Ik merk dat het denken over deze vragen met de toenemende beschikbaarheid van devices niet eenvoudiger is geworden: meer gebruik stimuleren is niet altijd goed, minder misschien wel. Maar wij moeten vooral zoeken naar beter. En daarmee ligt een schone taak voor ons als makers. Want wij worden verondersteld te weten hoe het beter moet ;-).
Onze kinderen moeten altijd wachten
In 2010 heeft IKEA een onderzoek gedaan waarvan de uitkomsten me tot de dag van vandaag inspireren.
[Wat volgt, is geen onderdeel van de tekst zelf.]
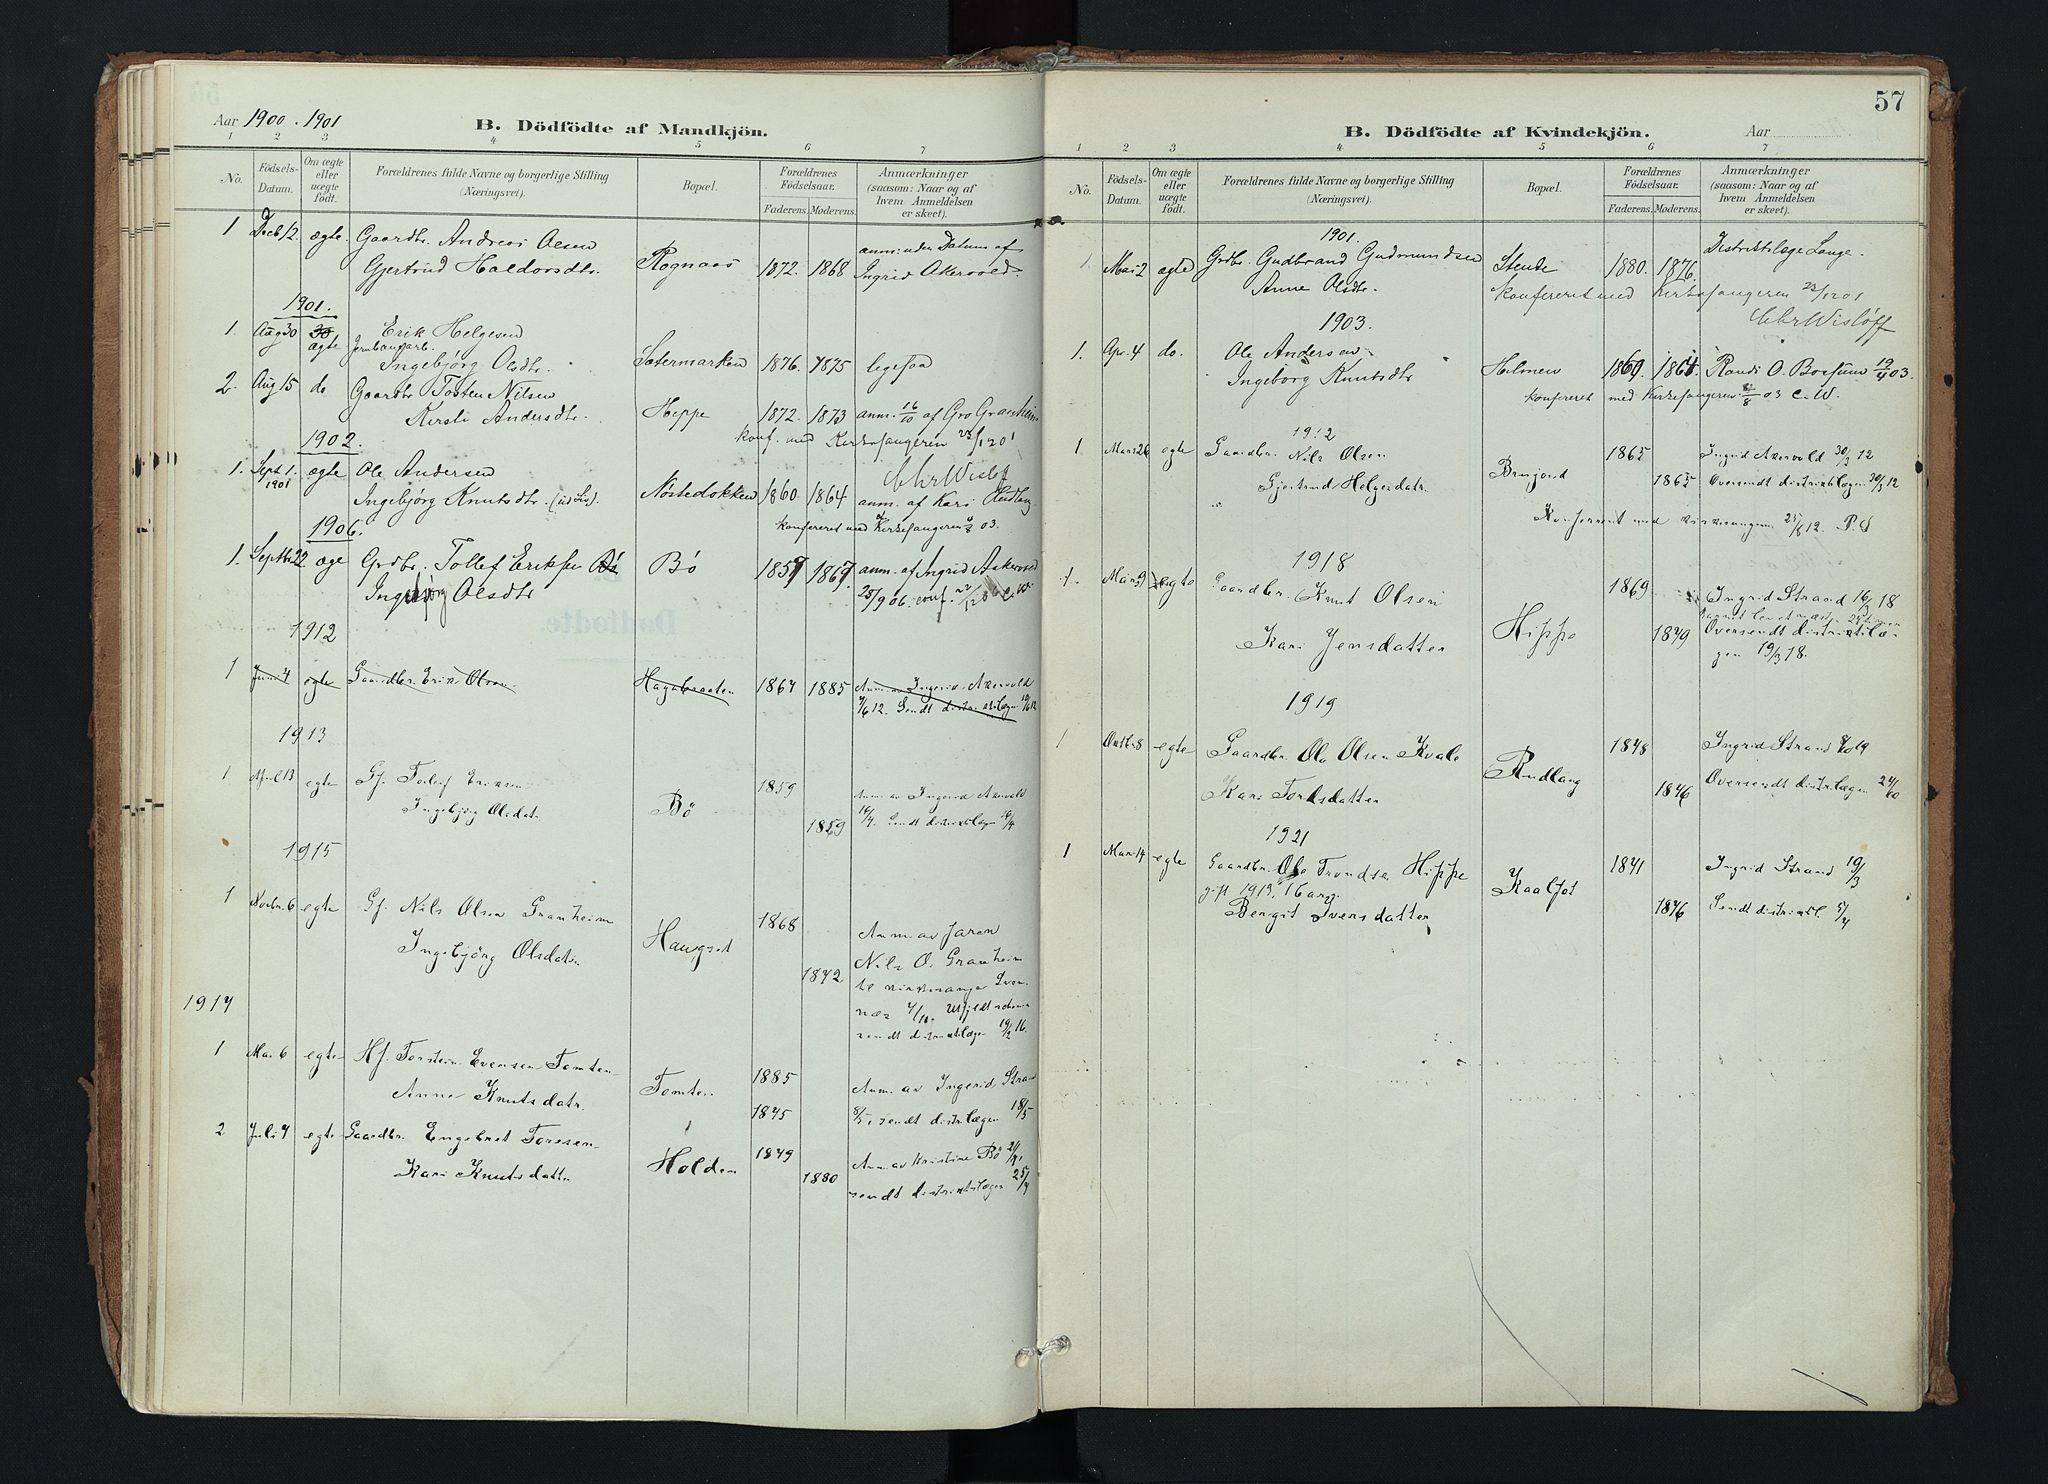 SAH, Nord-Aurdal prestekontor, Ministerialbok nr. 17, 1897-1926, s. 57

Daaruit bleek dat ouders opvoeden vaak best lastig vinden:
- Veel ouders zijn te gestresst zijn om te spelen.
- Veel ouders geven aan geen tijd te hebben om met hun kinderen te spelen.
- Veel ouders geven aan dat ze niet meer goed kunnen spelen.
Tegelijk ervaren kinderen een afstand tot hun ouders, terwijl:
- maar liefst 73% van kinderen veel liever speelt met hun ouders dan dat ze tv kijken (of andere media gebruiken).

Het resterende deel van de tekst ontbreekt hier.